There was a long 20-second pause before ‘clunk’ as the final gear strut locked down. We only had half our indicators showing our landing gear positions, but we were expecting that, given that one of our landing gear control systems had failed.
It was now five minutes before we were aiming to land: ‘QF32, Singapore Tower. G’day. The surface wind is 180 degrees at 5 knots. Runway Two-Zero Centre clear to land.’
It was time now for the final dress rehearsal of our landing. I disconnected the autopilot again and started the last control check. Because it’s a fly-by-wire aircraft I wanted to check how much our controls had to be pushed in order to give us normal performance: would there be a lag between my sidestick and the control surfaces? Would the fly-by-wire try to protect degraded control surfaces by inhibiting my instructions to them? To test this I gave the sidestick 60 per cent of its available travel, which is a fairly dramatic movement. There was not much response from the plane’s control surfaces or the aircraft itself. It wasn’t a great result – we didn’t have normal control, but we were flying.
If I had to narrow down any one part of the flight that I think was critical to our successful outcome, it was the flight control checks. We conducted a full dress rehearsal of the landing at 4000 feet and
the aircraft performed admirably. No matter what happened during the subsequent approach and landing, I felt I had confirmed the aircraft was safe to land.
I reconnected the autopilot as we made our final turn onto the ILS centreline. It was time to land. But then the autopilot tripped out for no apparent reason. ‘Beep beep beep’ the warning horn went off for about the hundredth time so I was not really surprised, but this time the ECAM didn’t display ‘AP OFF’ (meaning auto-pilot off). Instead it displayed ‘RAT OUT’.
I couldn’t believe it. Would this ever stop?
The ram air turbine (RAT) is a last-ditch electrical generator that keeps the A380 on electrical ‘life support’. With the RAT deployed the aircraft would automatically degrade to provide only the essential and emergency systems.
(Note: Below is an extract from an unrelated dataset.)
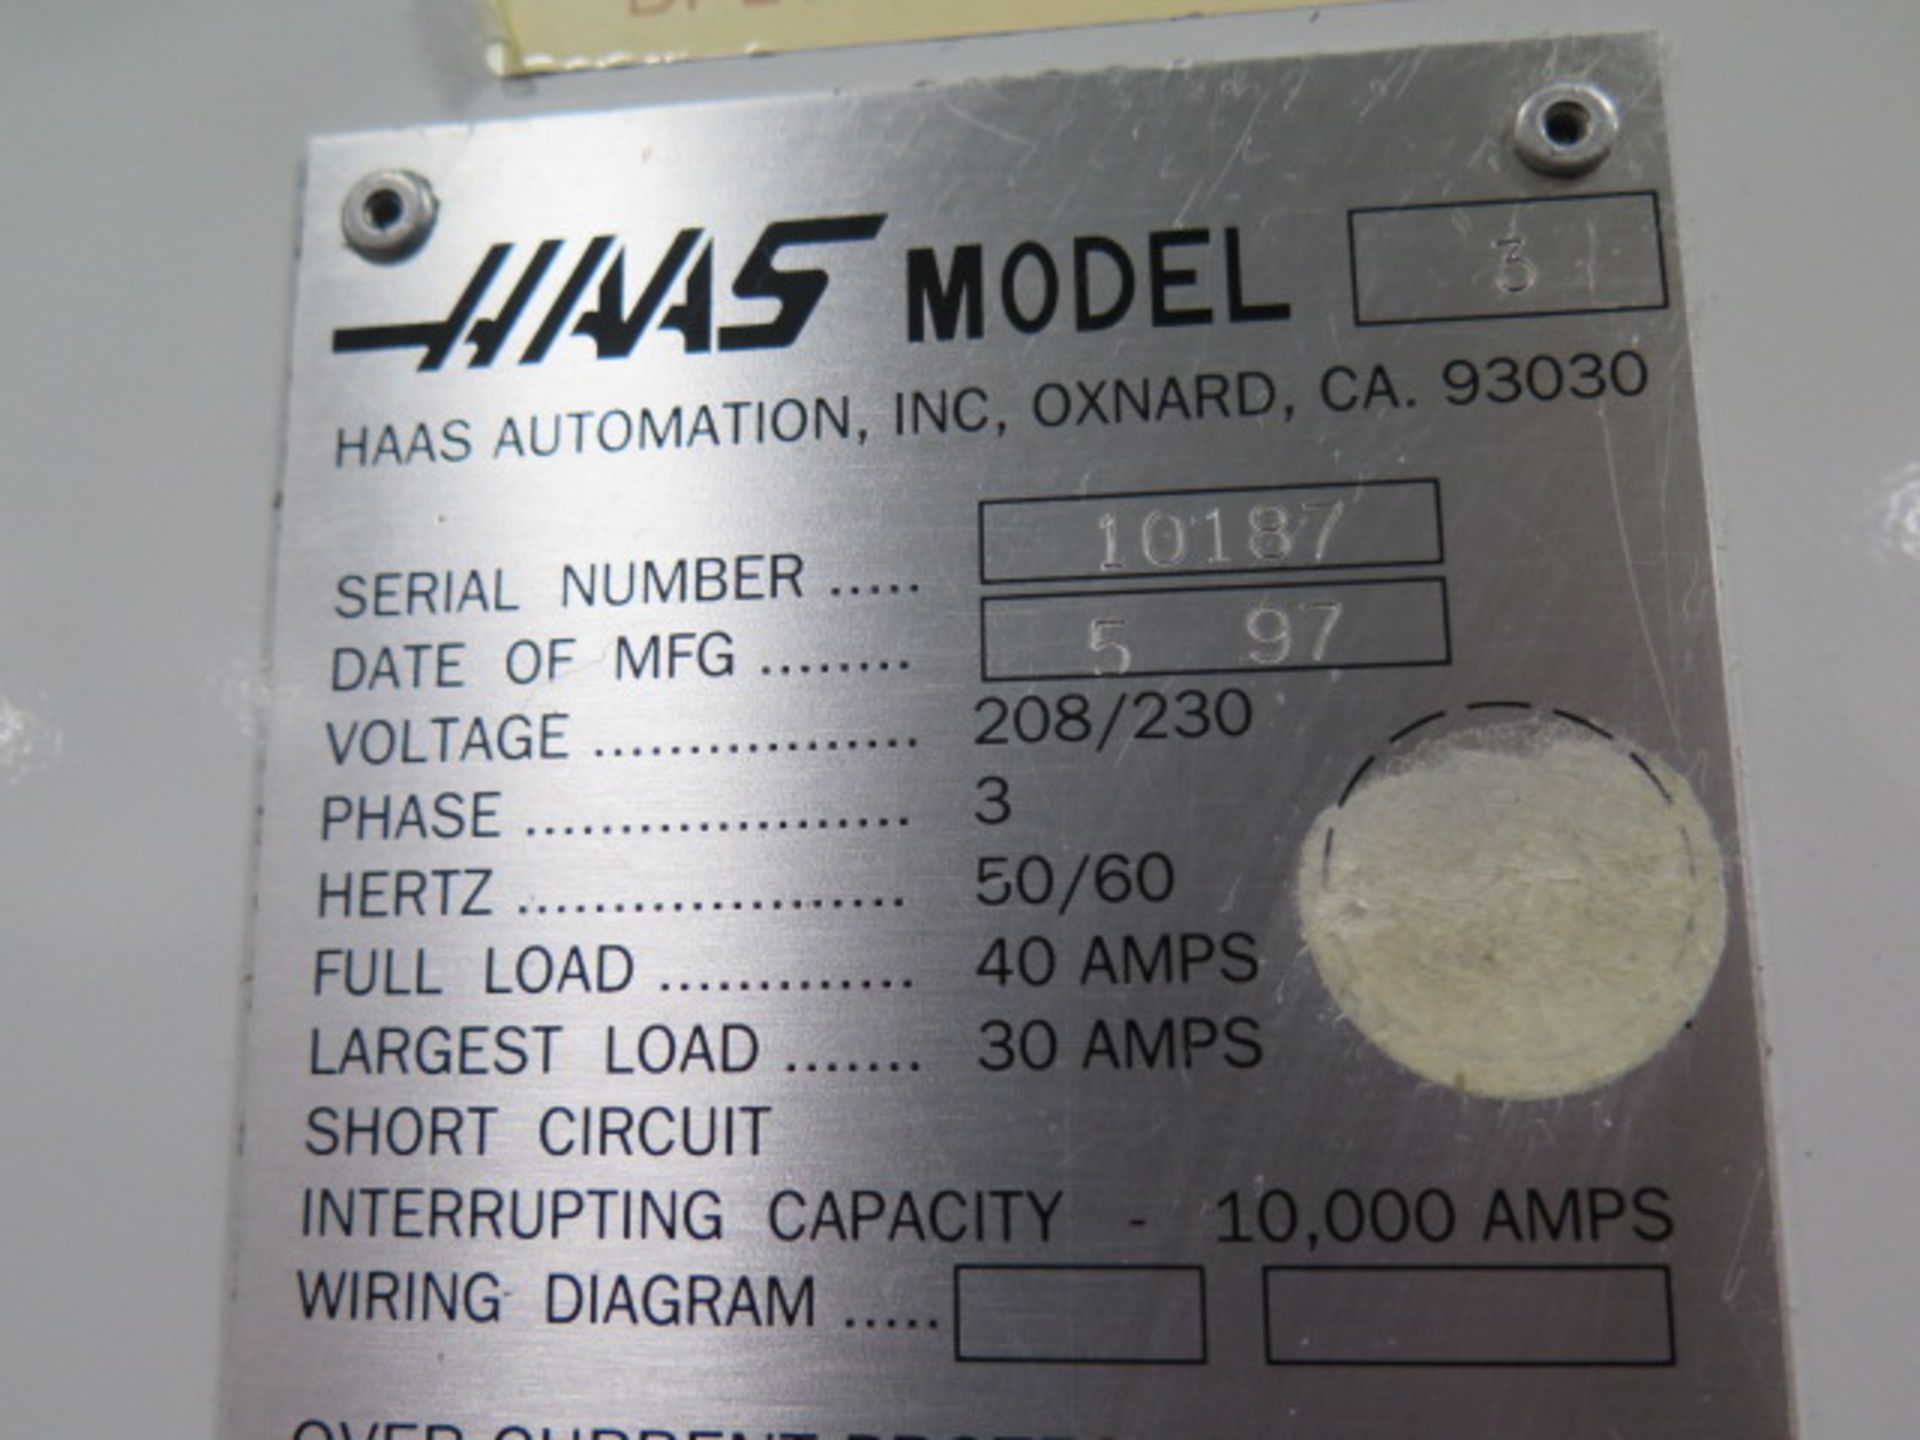 1997 Haas VF-3 4-Axis CNC Vertical Machining Center s/n 10187 w/ Haas Controls, 20-Station ATC, BT- - Image 17 of 17

We would lose four of our seven flight control computers, all autopilots, auto-trim, all flight directors, all engine reversers, all radio altimeters and normal brakes. Our flight controls would revert to direct law, we’d have only 28 per cent of maximum braking, and the fuel cross-feed valves would open and complicate our fuel leaks.
I couldn’t recall all of these items when the ‘RAT OUT’ message appeared on the screen, but I knew we were due for even more trouble. That pile-driver was pummelling me into my seat again and I entered a cold sweat, waiting for another barrage of bells and alarms as the aircraft would again degrade and we’d have to tackle our next series of failures. But the bells didn’t sound; the screens and radios didn’t go blank. It took a few seconds to appreciate that the ‘RAT OUT’ message was in amber – not green. The amber colour meant the RAT was being commanded out, but it had failed to deploy – hallelujah! At last, a failure that actually helped us!
The APU was running and I thought we were saved from the total electrics failure – albeit for a little time!